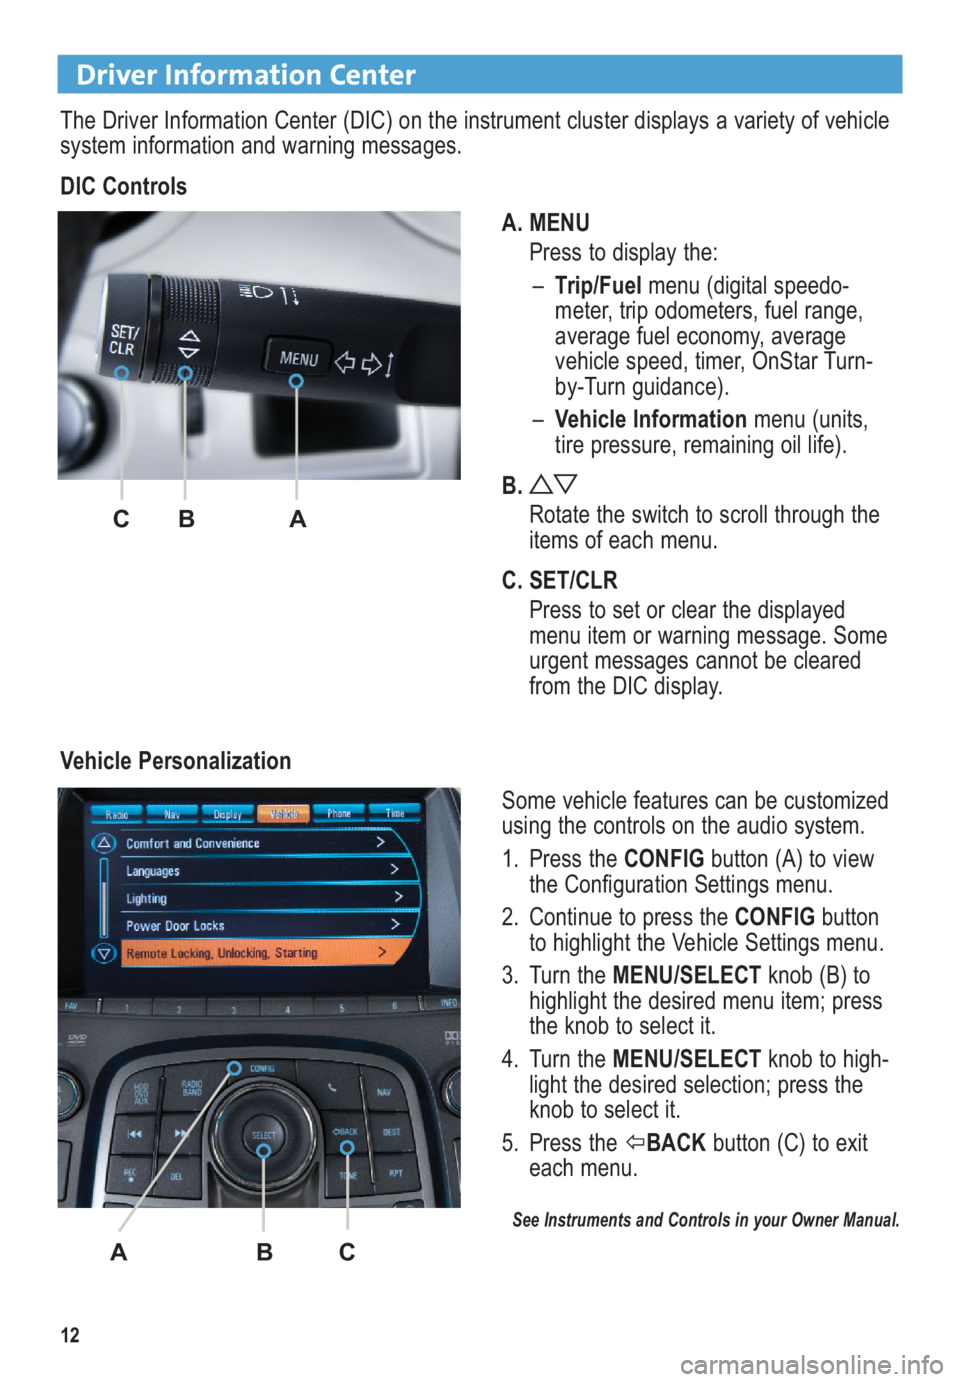 BUICK LACROSSE 2010  Get To Know Guide 12
Driver Information Center
The Driver Information Center (DIC) on the instrument cluster displays a variety of vehicle
system information and warning messages.
DIC Controls 
A. MENU
Press to display

--------

> **Task directions**
What is needed is every line from the data above that includes the string "Driver", copied out.

> **Solution**
Driver Information Center
The Driver Information Center (DIC) on the instrument cluster displays a variety of vehicle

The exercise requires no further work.